I couldn't find anything on these points. The second one seems completely unbelievable while also being at odds with the first claim.

What are you referring to?

The last official youth employment hit over 20% before China stopped publishing the figure.

https://www.reuters.com/world/china/china-stop-releasing-you...

Basically there is a trend of overeducation; China is producing millions more university graduates than it needs, without enough white collar jobs, and at the same time there are a lot of job openings in much more poorly paid factory work.
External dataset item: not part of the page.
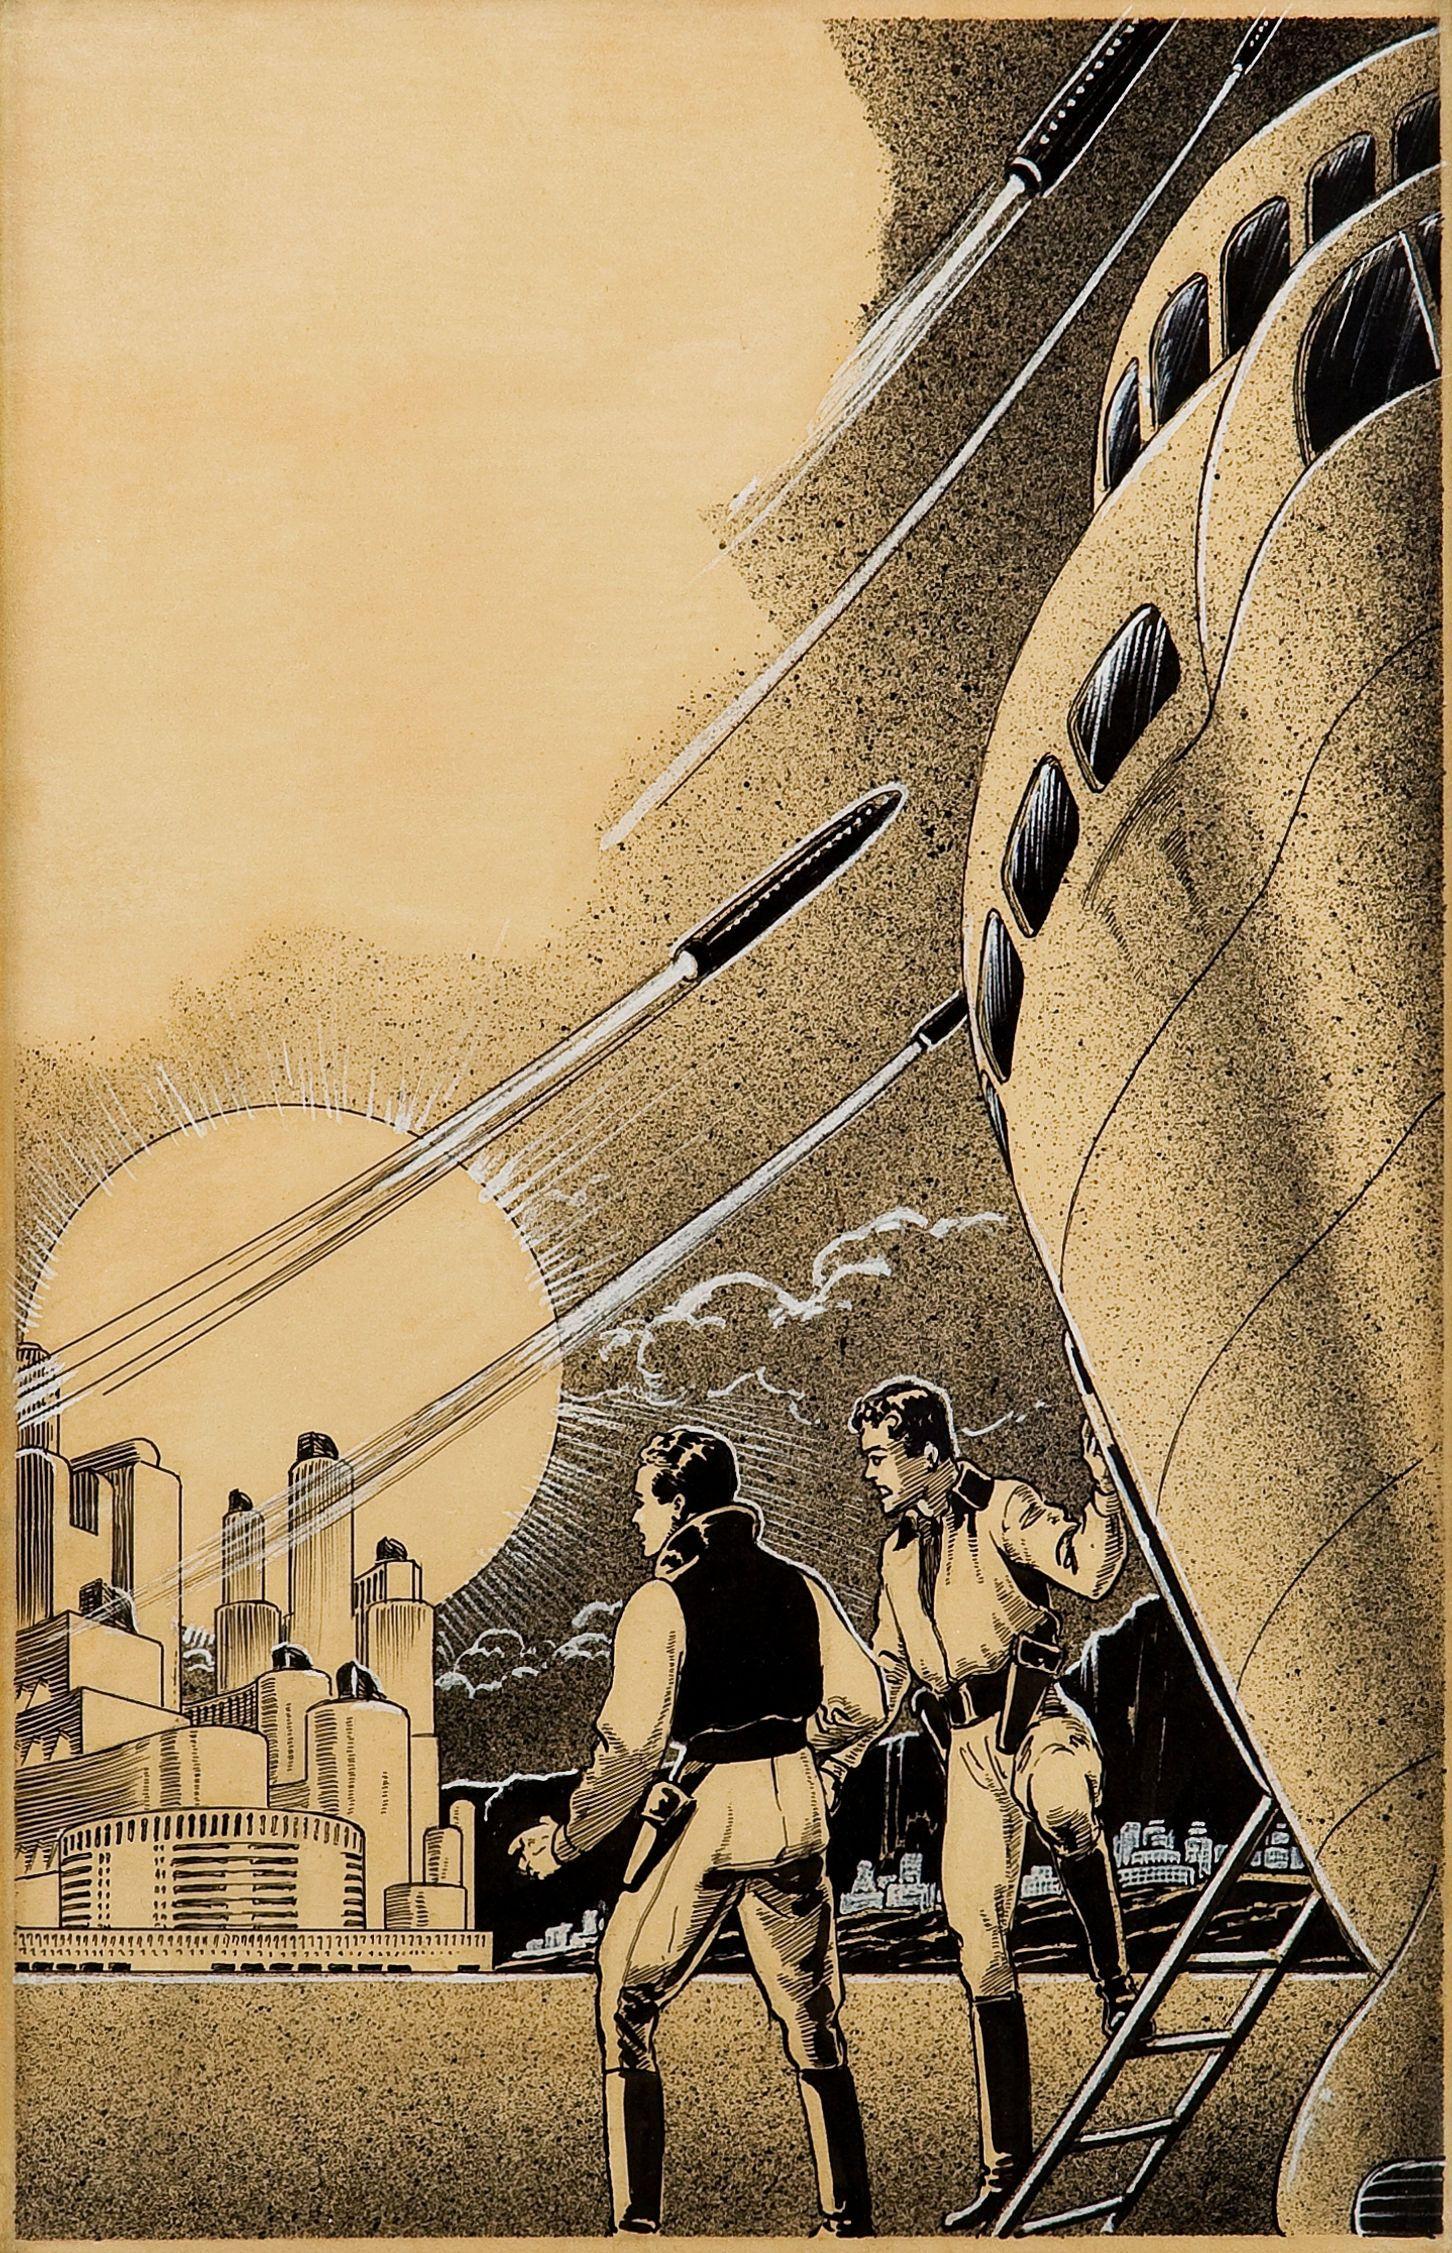 frank r. paul - rockets and men, science fiction pulp interior story illustration

This is not unique in East Asia, South Korea also has a lot of youth unemployment for similar reasons. https://keia.org/the-peninsula/low-youth-employment-in-korea...

Also, China is currently suffering from deflation because it produces many more goods than it can consume or export, and wages are also being cut.

It's typically on Chinese social media apps, and when they get popular they get taken down immediately by the government

here are some remnants in non-chinese websites.

http://www.xinhuanet.com/fortune/2023-06/26/c_1129716071.htm

https://botanwang.com/articles/202308/%E4%B8%AD%E5%9B%BD%E5%...

https://www.voachinese.com/a/more-chinese-white-collar-worke...

if you want to verify secondary effects: Retail sales of passenger cars in China declined to 1.095 million units, down 21% from a year earlier and 46% from January. https://www.wsj.com/business/autos/chinas-vehicle-sales-drop.... A decline of real estate development investment widened to 9.5% in the first quarter from 9% in the first two months https://www.bloomberg.com/news/articles/2024-04-16/china-hom... Stingy Chinese shoppers are returning their goods, erasing up to 75% of their sales value.https://fortune.com/asia/2024/04/17/luxury-brands-new-headac...

Popping the residential real estate investment bubble was probably the root cause behind the collapse in sales of cars, luxury goods, and other consumer products. A lot of consumers who had made highly leveraged investments on unoccupied apartments in "ghost cities" were sitting on significant paper wealth for a few years and felt comfortable spending money. Now that has largely evaporated.
Last time I tracked this closely: https://www.reuters.com/article/idUSL4N3960Z5/
> lack of jobs/opportunity for young people.

> there's a societal trend to not hire people over the age of 30-35 in China

Did you mean "under" or is it more complicated than "young people"?